Reluctantly Rafe conceded that the agony this thin air caused him during his early-morning runs with Allie might be a small price to pay for something that could only be classified as one of the wonders of the natural world. The question yet to be answered in his mind, however, was why Avendez had been up so early to view this particular display.

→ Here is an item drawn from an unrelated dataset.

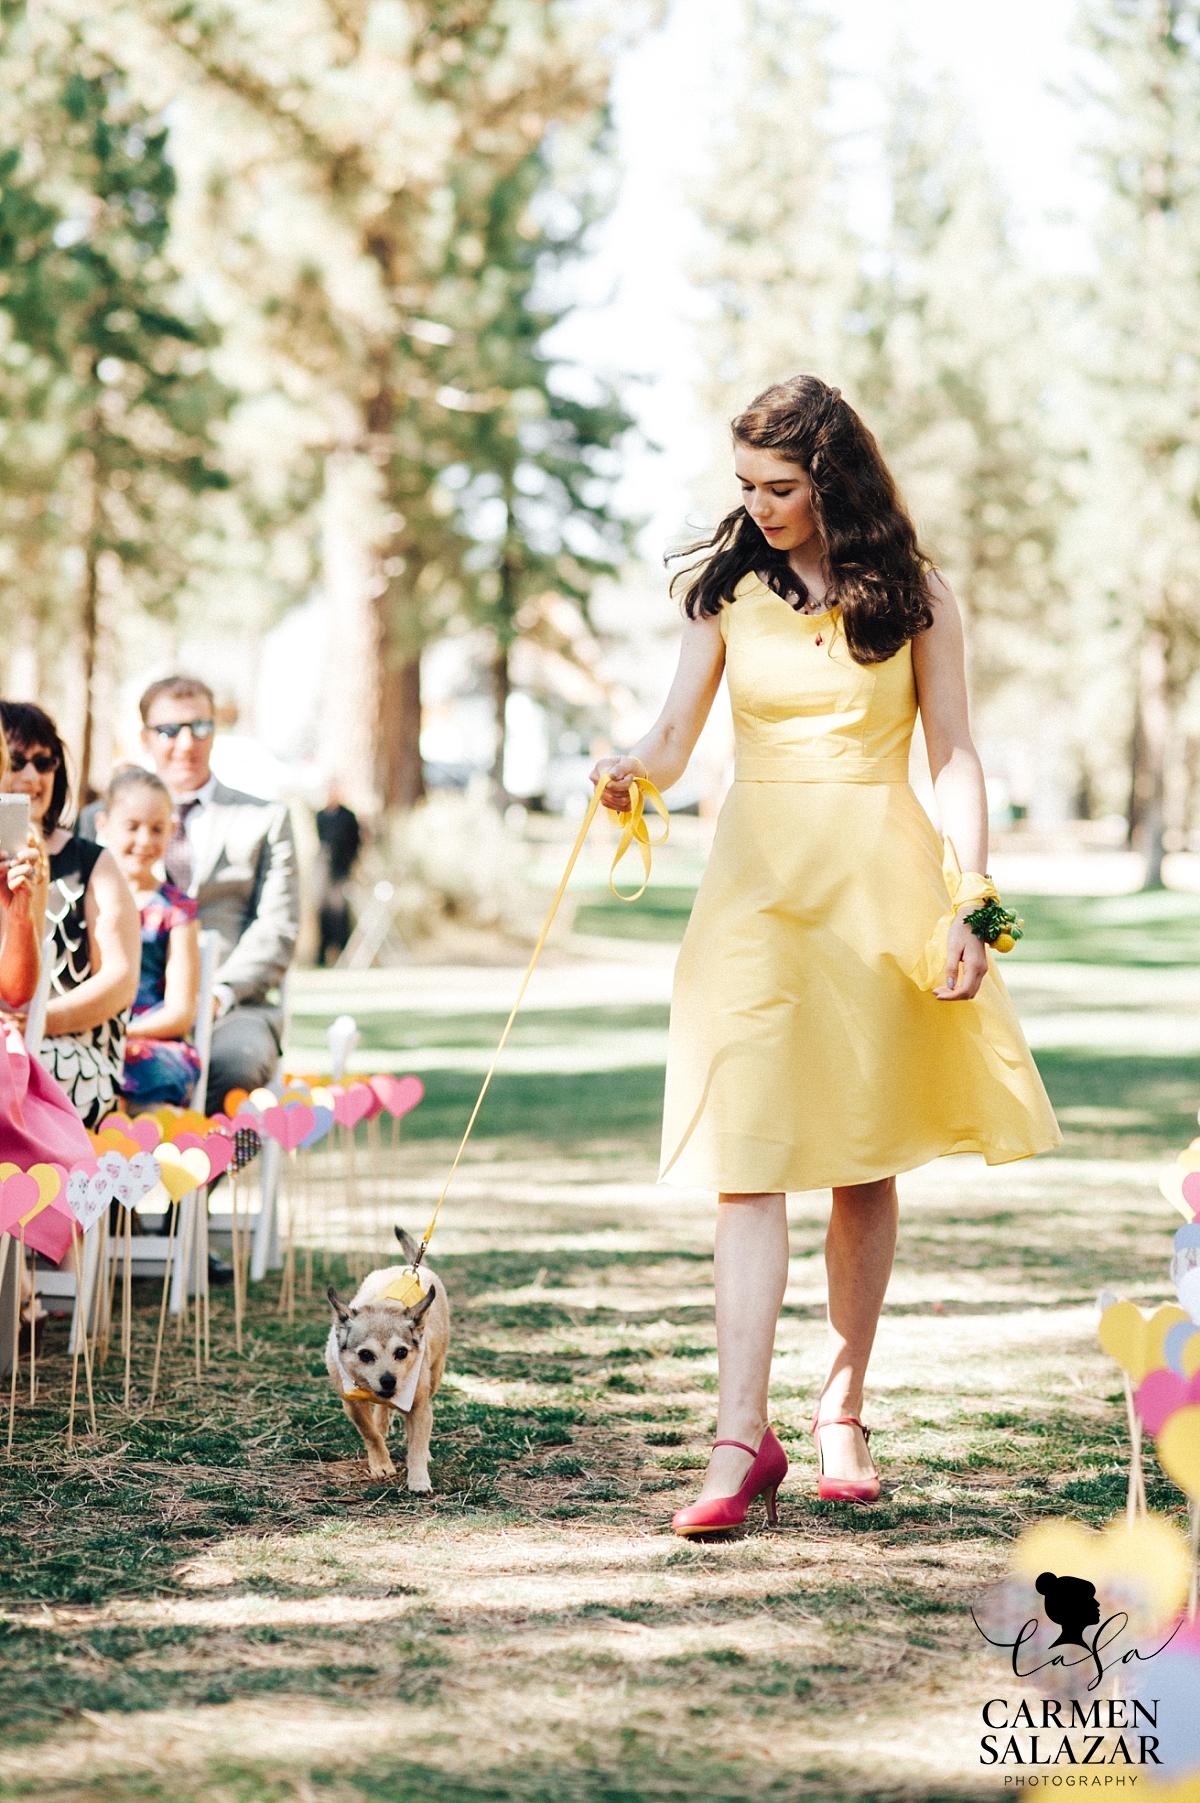 Bright junior bridesmaid walking dog down wedding aisle - Carmen Salazar

If he was up at five, had he also been up at two, when Allie’s call came in?
It was a definite possibility. The man drove himself as hard as he drove everyone else. He locked himself away in his portable processing center for hours after each day’s shoot, harassing his assistants while they developed contact sheets and consulting with the art directors. He often went back to the center after his nightly review sessions with Allie to work.
Rafe had checked out the processing unit during the first day’s shoot. The place was self-contained and Saturday-morning-inspection neat. Chemicals were stored in clearly marked containers and film supplies and equipment were locked away. A dark room took up the back half of the unit. The front half served as an office and design center, complete with several computers and, Rafe remembered suddenly, a phone.